SERVANTS ARE NOT ALLOWED
TO USE THE LIFT
UNLESS ACCOMPANIED BY CHILDREN
Julia told Farrokh that Vinod’s gift was “touching,” but although the security officers were relieved, th
ey questioned the doctor about the source of the sign. They wanted to be sure that it hadn’t been stolen from an historically protected building—that it was stolen from somewhere else didn’t trouble them. Perhaps they didn’t like the message any better than Farrokh and Vinod had liked it.
“A souvenir,” Dr. Daruwalla assured them. To the doctor’s surprise, the security officers let him keep the sign. It was cumbersome to carry it on board the plane, and even in first class the flight attendants were bitchy about stowing it out of everyone’s way. First they made him unwrap it (again); then he was left with the unwanted newspapers.
“Remind me never to fly Air India,” the doctor complained to his wife; he announced this loudly enough for the nearest flight attendant to hear him.

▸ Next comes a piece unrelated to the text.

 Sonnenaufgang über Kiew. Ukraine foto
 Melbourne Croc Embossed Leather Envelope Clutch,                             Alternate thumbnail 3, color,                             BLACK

“I remind you every time,” Julia replied, also loudly enough. To any fellow first-class passenger overhearing them, they might have seemed the epitome of a wealthy couple who commonly abuse those lesser people whose chore it is to wait on them. But this impression of the Daruwallas would be false; they were simply of a generation that reacted strongly to rudeness from anyone—they were well enough educated and old enough to be intolerant of intolerance. But what hadn’t occurred to Farrokh or Julia was that perhaps the flight attendants were ill mannered about stowing the elevator sign not because of the inconvenience but because of the message; possibly the flight attendants were also incensed that servants weren’t allowed to use the lift unless accompanied by children.